At least one company, Orang-otang Computers, Inc. sells a family of
wrist mountable cases for a variety of different PDAs. The pen
pointer 26 is held in one hand while the PDA 20 is held on the
wrist of the other hand. The display area 28 is often quite small
compared to traditional computer displays 12. In the case of the
Palm product line, the display area 28 contains an array of 160
pixels by 160 pixels in a 6 cm by 6 cm viewing area. Often, part of
the display area is further allocated to menus and the like,
further limiting the viewing area for an object such as an e-mail
message page. This limitation in viewing area is partially
addressed by making the menu bar 34 (FIG. 1) found on most
traditional computer human interface displays 12 invisible on a PDA
display 28 except when a menu button 29 is pressed.
[0010] Object database programs, such as map viewers, present a
fairly consistent set of functions for viewing two-dimensional
sheets. Where the object being viewed is larger than the display
area of the display, controls to horizontally and vertically scroll
the display area across the object are provided. Such viewing
functions often possess visible controls accessed via a pointing
device. As shown in FIG. 1, horizontal scrolling is often
controlled by a slider bar 36 horizontally aligned with a viewing
region 40. Vertical scrolling is often controlled by a vertical
slider bar 38 vertically aligned with the viewing region 40.

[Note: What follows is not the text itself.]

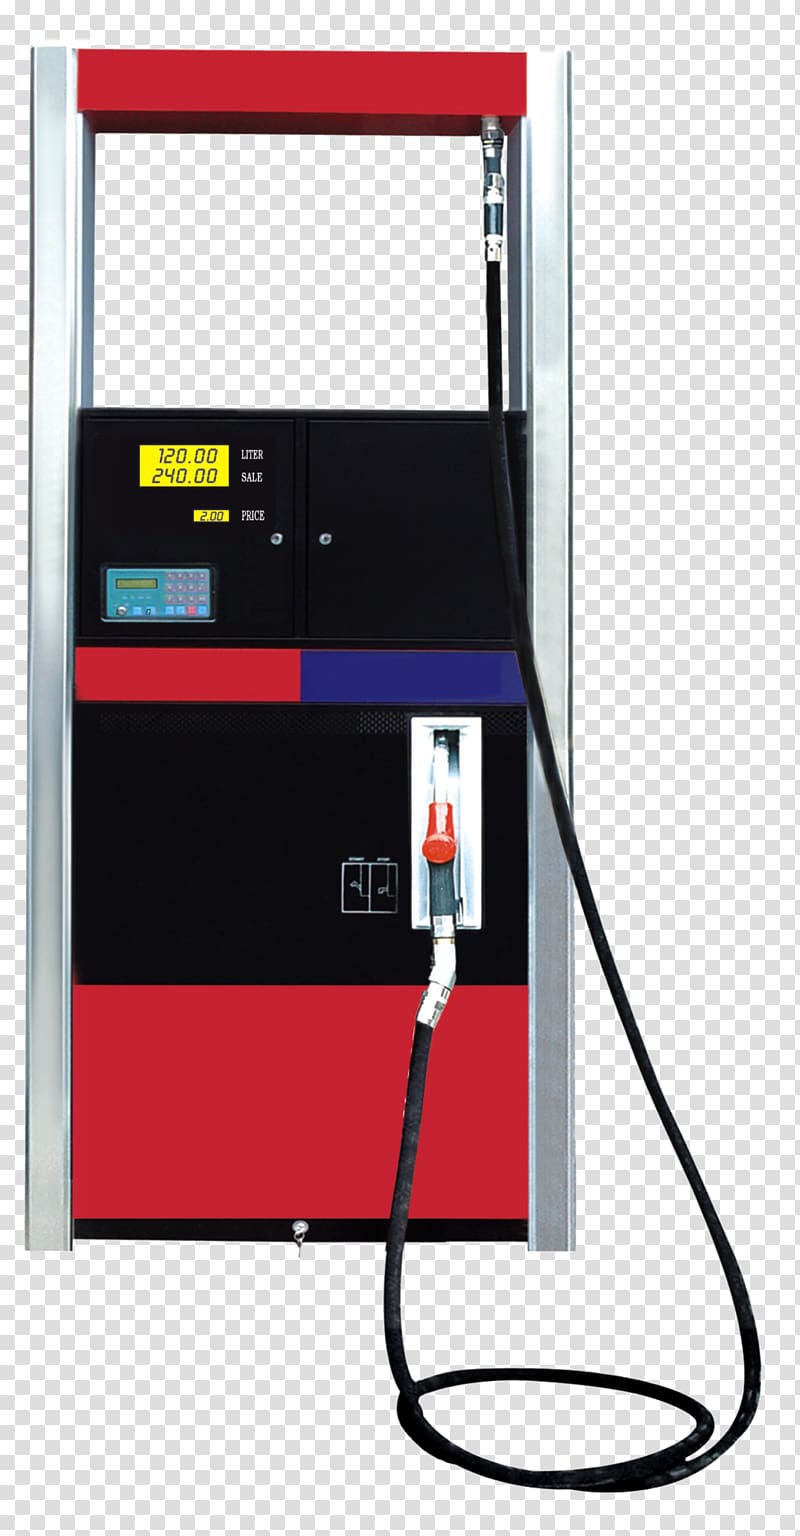 Fuel dispenser Pump Manufacturing Filling station, Fuel Dispenser transparent background PNG clipart

Additionally such database interfaces often possess functionality
to scroll in directions other than the vertical and horizontal
orthogonal directions. This function is usually controlled by
pointing to an icon, such as hand icon 42, which is then moved
relative to the viewing area 40 while holding down the button
18.
[0011] Furthermore, object viewers often incorporate the ability to
zoom in or out to control the resolution of detail and the amount
of information visible upon the display device. Zoom out and zoom
in controls 30, 32 are often either immediately visible or
available from a pull down menu as items in one or more menu bars
34.
[0012] Finally, object viewers often include the ability to
traverse a hierarchical organization of collections of objects such
as folders of e-mail messages, log files of FAXes, project
directories of schematics or floor plans, Internet web page links
and objects representing various levels or sub-systems within a
multi-tiered database.
[0013] In summary, traditional computer human interfaces 10, 20
have been employed in a variety of contexts to provide
interactivity with multi-dimensional and/or multi-tiered object
programs and systems. These interfaces superficially appear capable
of providing a reasonable interface. However, size limitations and
associated barriers, drastically limit their functionality and
interactivity. When the desired size (e.g. width and/or height) of
the object's display format is larger than the size of the display
screen itself, a method must be used to control which portion of
the object is to be displayed on the screen at any given time.
Various methods, in addition to those described above, have been
devised to activate pan and scroll functions such as pushing an
"arrow" key to shift the display contents in predefined increments
in the direction indicated by the arrow key. Alternatively, a pen
pointer or stylus can be used to activate pan and scroll functions
to shift the display contents. In all of these examples, the
physical display device remains relatively stationary and the
larger object is viewed piece-wise and sequentially in small
segments corresponding to the limitations of the physical size of
the display screen.
[0014] In actual practice, these typical methods have many inherent
problems. If the display screen is small relative to the object to
be viewed, many individual steps are necessary for the entire
object to be viewed as a sequence of displayed segments. This
process may require many sequential command inputs using arrow keys
or pen taps, thus generally requiring the use of both hands in the
case of hand held computers. Furthermore, the context relationship
between the current segment displayed on the screen and the overall
content of the whole object can easily become confusing.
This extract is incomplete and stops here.